Rosenblum’s talk was interesting, well delivered and entertaining but I can’t help but think that he’s maybe spent too much time whipping up his perfect storm and not enough actually out there in the real world. There’s a vast gulf between the media landscape he describes, where media companies put little effort into "the fuck ups" in the corner who run online, and the massive investment and talent being thrown at new media by the BBC (my employer) and many others.
“We don’t live in a world of print anymore, we live in a world of video and online… this technological storm is going to wash away most of what we understand today and replace it with something different.”
I think he’s focusing in on the wrong thing. The transition isn’t “print”–>”holy crap we can make pictures move!” The main impact of the internet on journalism isn’t going to be video and audio, if that were the case, TV and radio would already have killed the newspaper.
The huge difference the internet is going to make is in speed, access, and choice.
Hi Robin
Thanks for the write up, but actually I have a fair amount of experience ‘out there in the real world’. I spent 5 years working with The BBC to introduce the VJ concept there, and later to build local tv with N&R. Later I built Current.tv with Al Gore. I also own a hyperlocal TV station in DC built on the model.
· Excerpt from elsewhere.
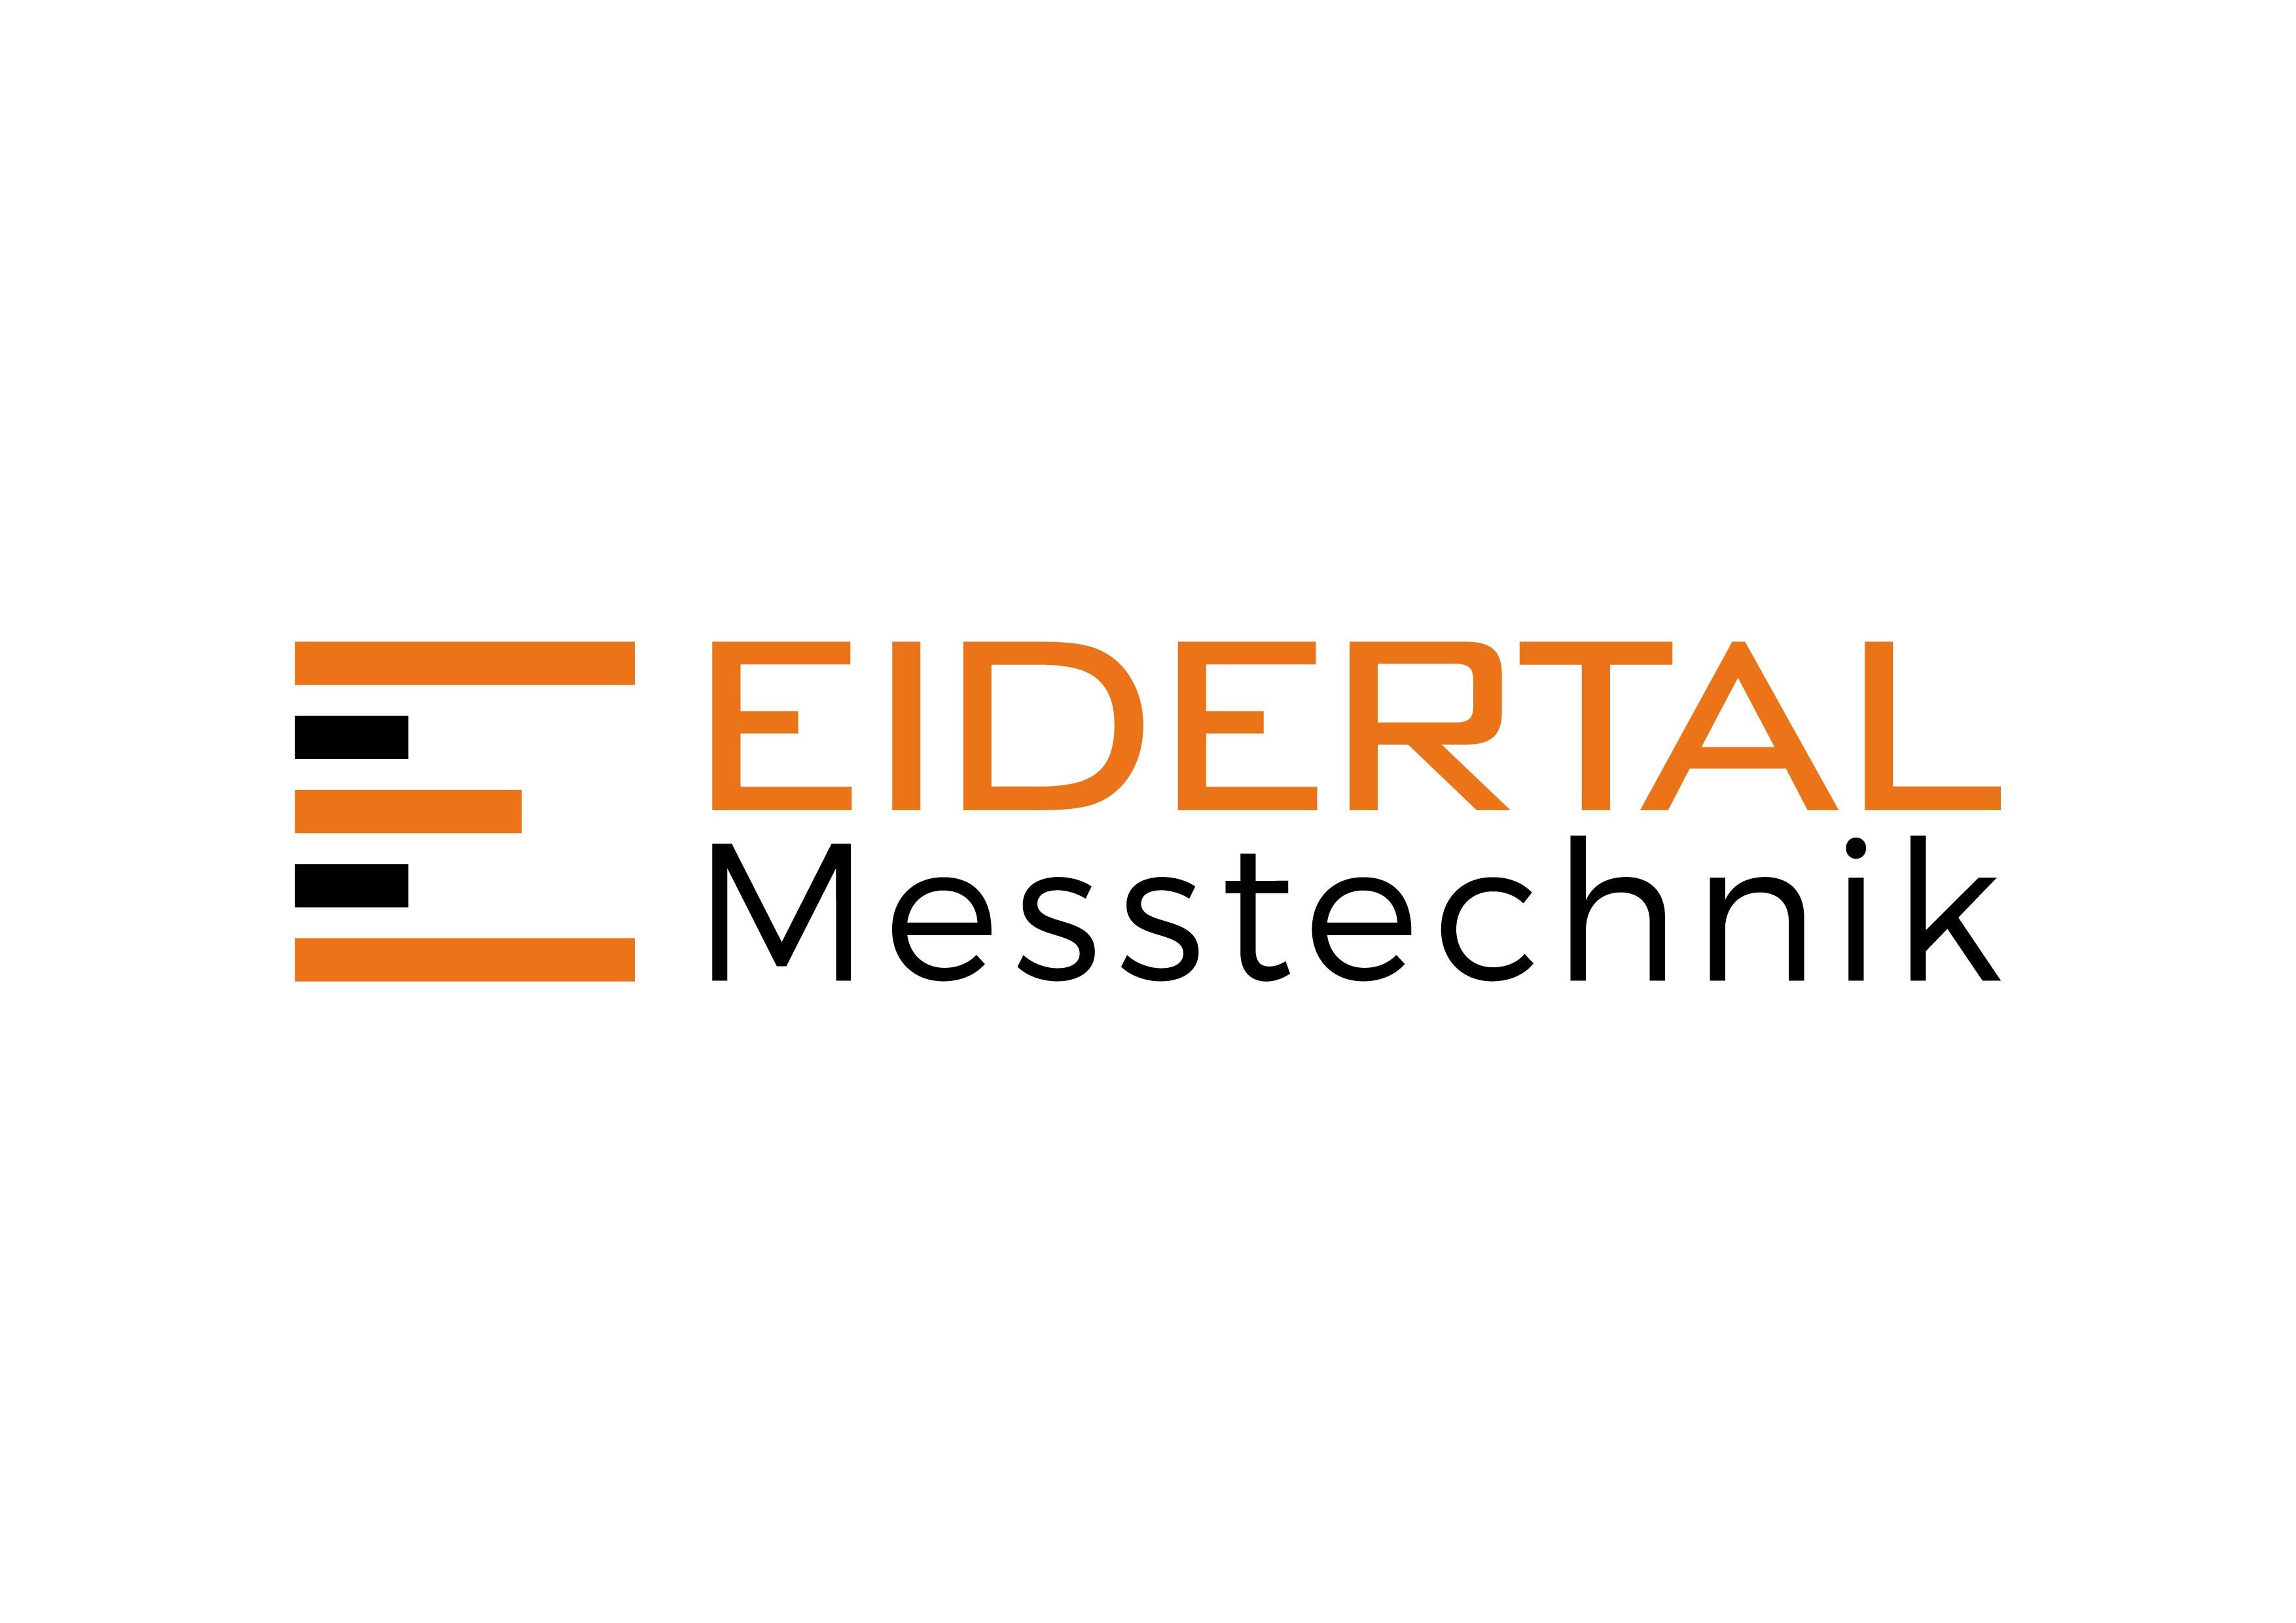 Neues Logo gesucht! Mess- und Vermessungstechnik ist das Thema!

Come find me tomorrow if you like
-Rosenblum
Hi Michael, thanks for popping over to comment. I realise that you want to affect change within the organisations you work with and have certainly been very successful in doing that. But I really don’t see a lackadaisical approach to new media at the BBC or elsewhere. Far from it. Yes, we and others probably aren’t doing as much as we could with video – and that’s clearly your thing – but we are taking lots of steps to integrate new ways of working, social media tools, and audience engagement into what we do. It’s not really in my experience that we’re in a “change or die” situation. We’ve changed already and some of us are really starting to focus on growing new audiences in new and innovative ways. There’s a lot more to that than just video.
I really, by the way, enjoyed your presentation even if I do disagree!